Taurekareka "Tau" Hēnare (1878 – 12 January 1940) was a Māori member of the New Zealand Parliament from 1914 to 1938, sitting for the Reform Party for most of that time, until it merged with the United Party to form the National Party in 1936.

==Background and early life==
Hēnare was born at Pipiwai, where his father farmed, in the Bay of Islands, in 1878 (probably) or 1877. His father, Hēnare Wynyard, was said to be the son of Robert Wynyard, acting governor of New Zealand. His mother was Pane Peeni. Hēnare was initially given the name Taurekareka Wynyard, but later adopted his father's first name as his own surname - this was likely because Robert Wynyard had been active in fighting against Māori, and his grandson, raised as Māori, did not wish to bear his name. Hēnare was also closely related to a number of prominent figures of Māori history, including Hōne Heke. He was a member of the Ngāpuhi iwi, and his strongest affinity was with the Ngāti Hine hapū.
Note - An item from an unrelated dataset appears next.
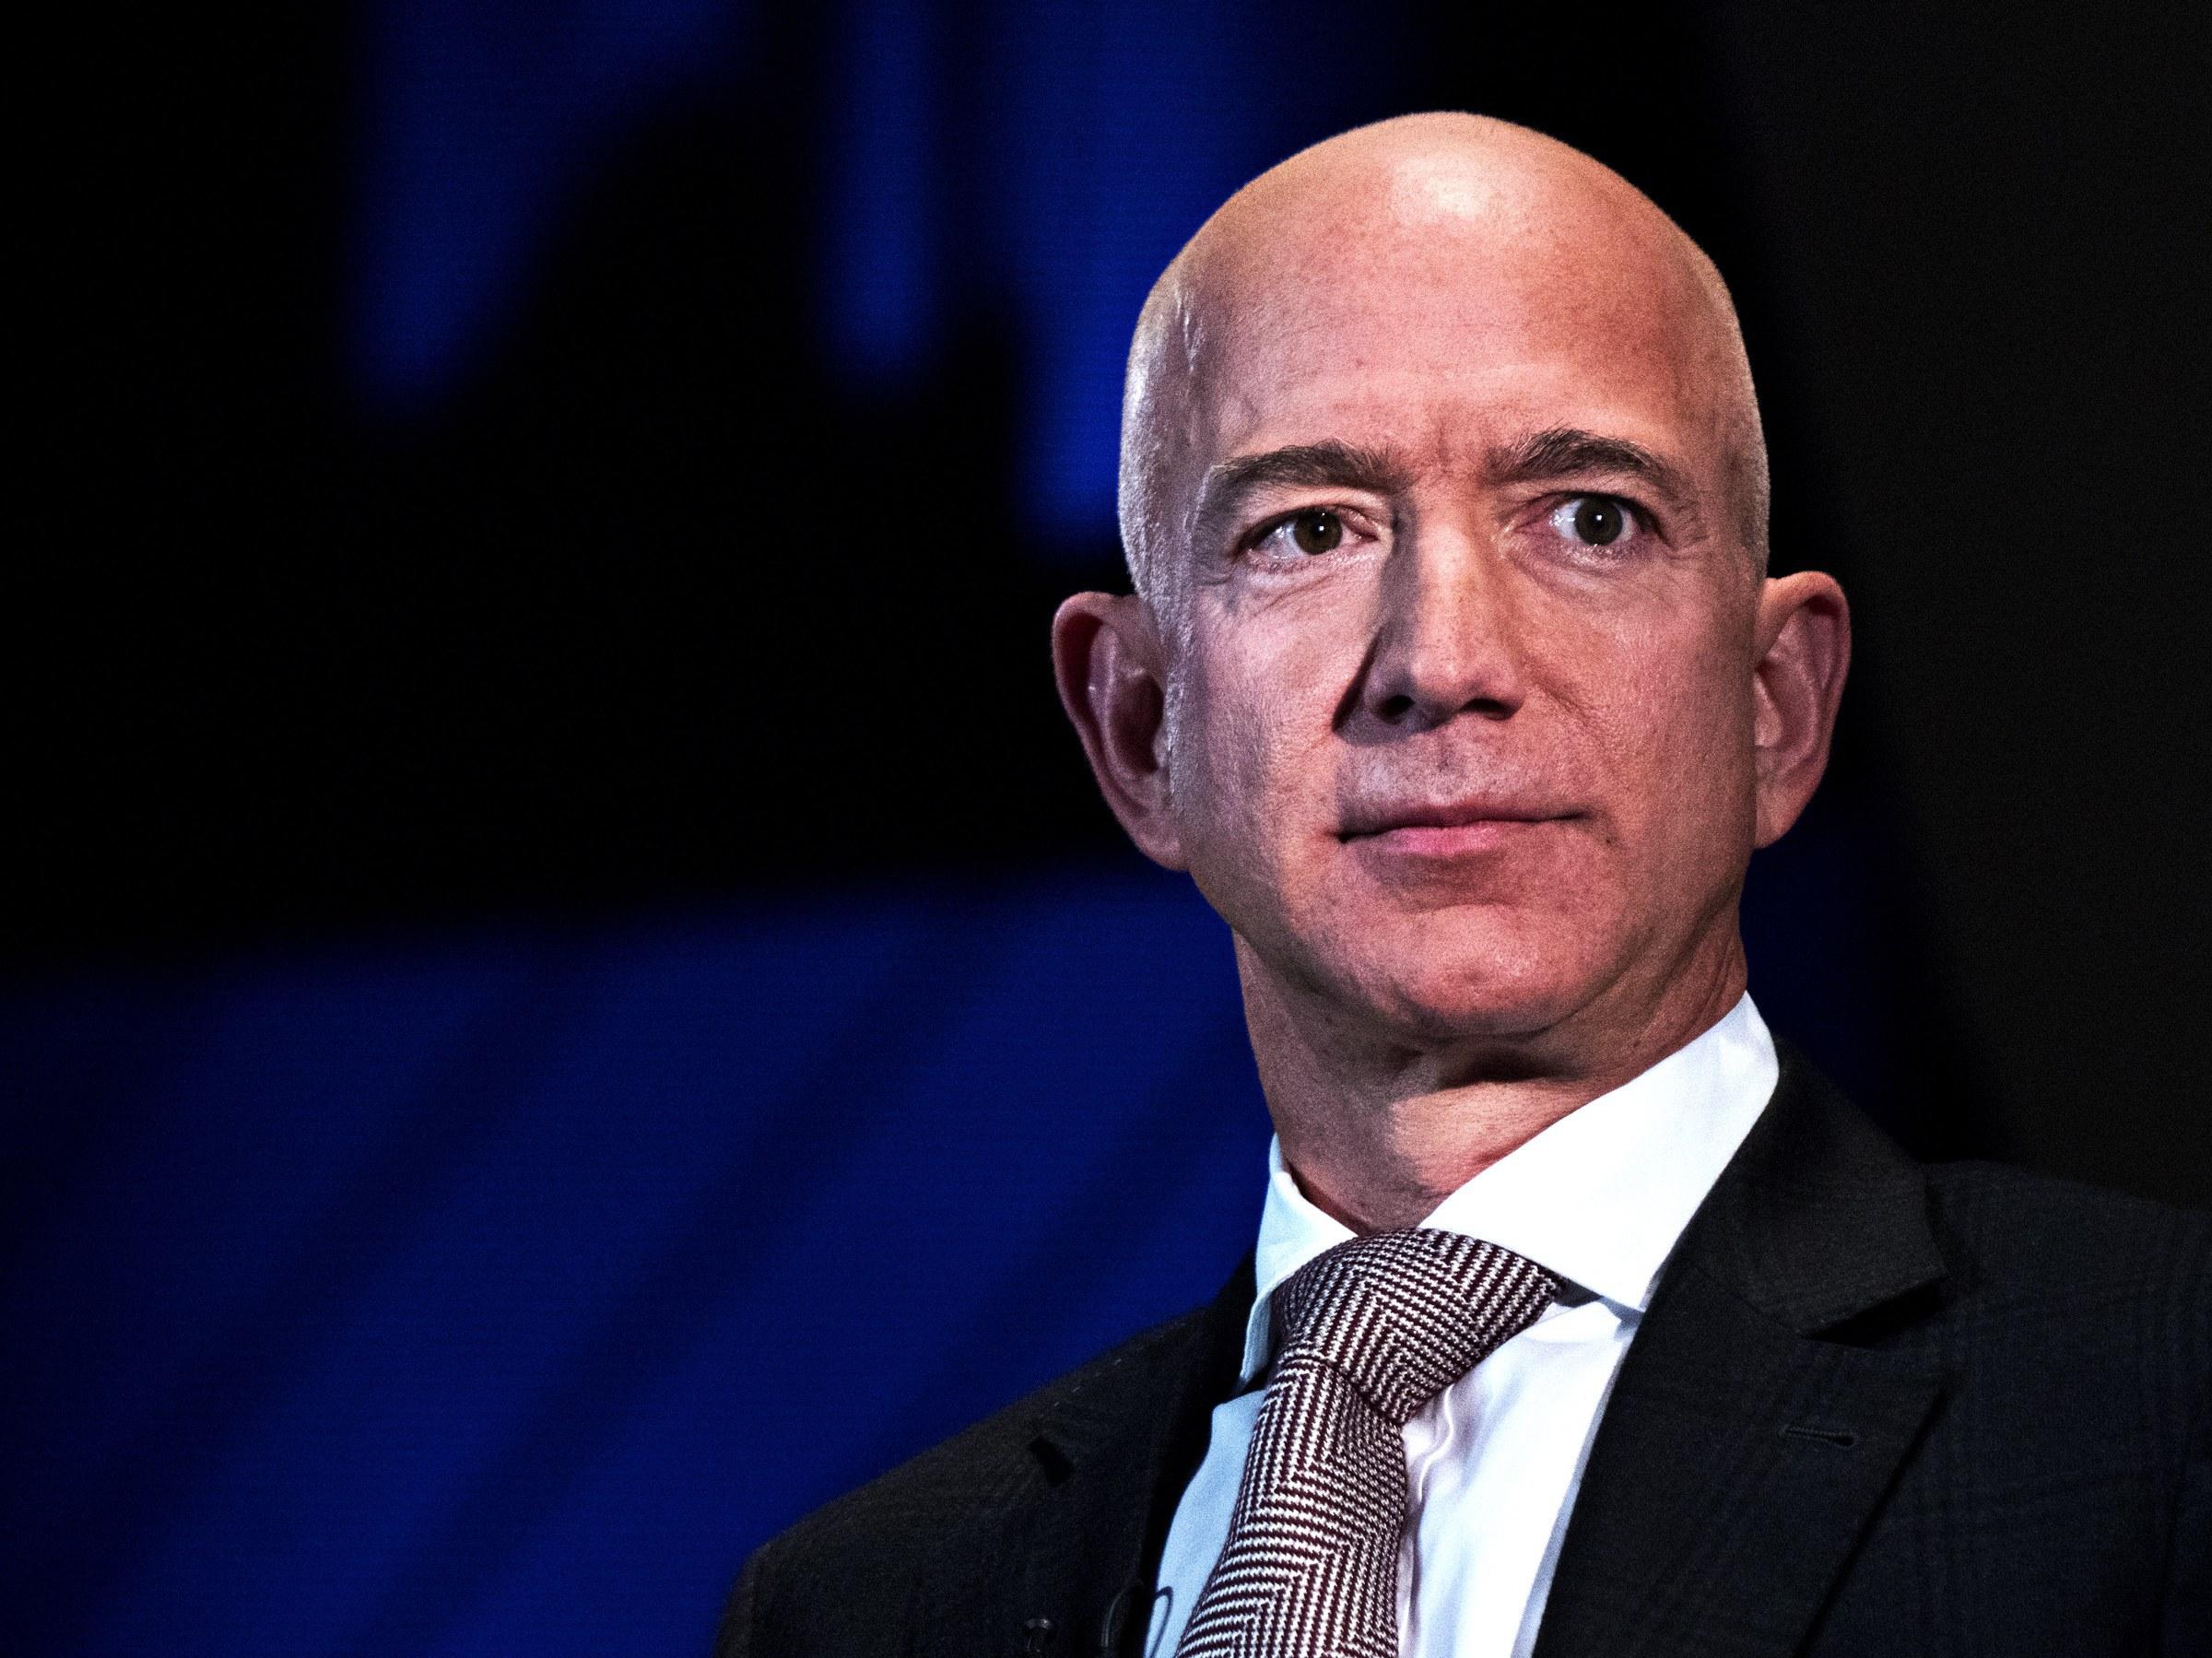 amazon-sar-putea-confrunta-cu-o-amenda-masiva-de-23-miliarde-dolari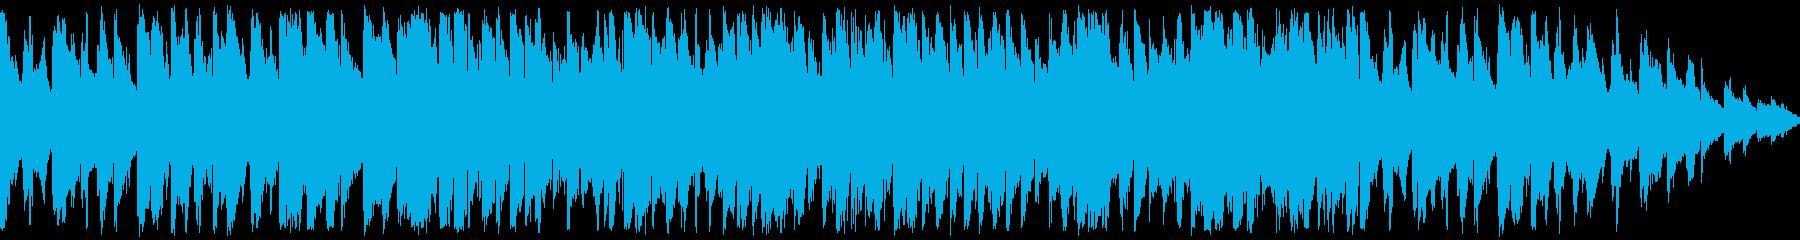 おしゃれなジャズポップス系BGMの再生済みの波形

Hēnare had no formal education in the Western sense, but was taught Māori lore and traditions. He was raised for a time by Wi Pere (later to serve in Parliament) on the East Coast, but later returned north, possibly to avoid an arranged marriage. In 1903, Hēnare married Hera Paerata, whose mother Ritihia was Māori and father a member of the Subritzky family from Poland.

==Political life==

In the 1914 election, Hēnare stood for the conservative Reform Party in the Northern Maori electorate of the Parliament, and won. He did not often participate in parliamentary debates, but was heavily involved in policy related to Māori interests. He worked closely with Āpirana Ngata, a member of the Liberal Party, on a number of important issues, and took part in the consolidation of Māori lands in the North Auckland area.

In World War I, Hēnare argued against conscription of Māori, and suggested that the return of confiscated lands might persuade Māori to volunteer. He also helped Māori soldiers re-establish themselves upon their return from the war. In the influenza epidemic of 1918 he assisted the delivery of healthcare to Māori. Hēnare's wife Hera was among those who died in the epidemic. Hēnare also played a role in shaping Reform Party policy on Māori issues. He supported the efforts of Gordon Coates, then Minister of Native Affairs, to expand the role of his department, and promoted reforms of the Māori school system.

Hēnare remained in Parliament until the 1938 election, when he was defeated by Paraire Karaka Paikea of the Labour Party who was affiliated with the Labour-aligned Rātana movement, whose rise Hēnare had opposed.

New Zealand Parliament
| Years | Term | Electorate |  | Party |  |
|---|---|---|---|---|---|
| 1914–1919 | 19th | Northern Maori |  |  | Reform |
| 1919–1922 | 20th | Northern Maori |  |  | Reform |
| 1922–1925 | 21st | Northern Maori |  |  | Reform |
| 1925–1928 | 22nd | Northern Maori |  |  | Reform |
| 1928–1931 | 23rd | Northern Maori |  |  | Reform |
| 1931–1935 | 24th | Northern Maori |  |  | Reform |
| 1935–1936 | 25th | Northern Maori |  |  | Reform |
| 1936–1938 | Changed allegiance to: |  |  |  | National |

==Legacy==
Hēnare died in 1940 at his farm near Kawakawa. He was survived by six sons and two daughters. His son, Sir James Hēnare, was a prominent military officer, and his daughter, Ihapera Taua, was an important figure in the Māori Women's Welfare League.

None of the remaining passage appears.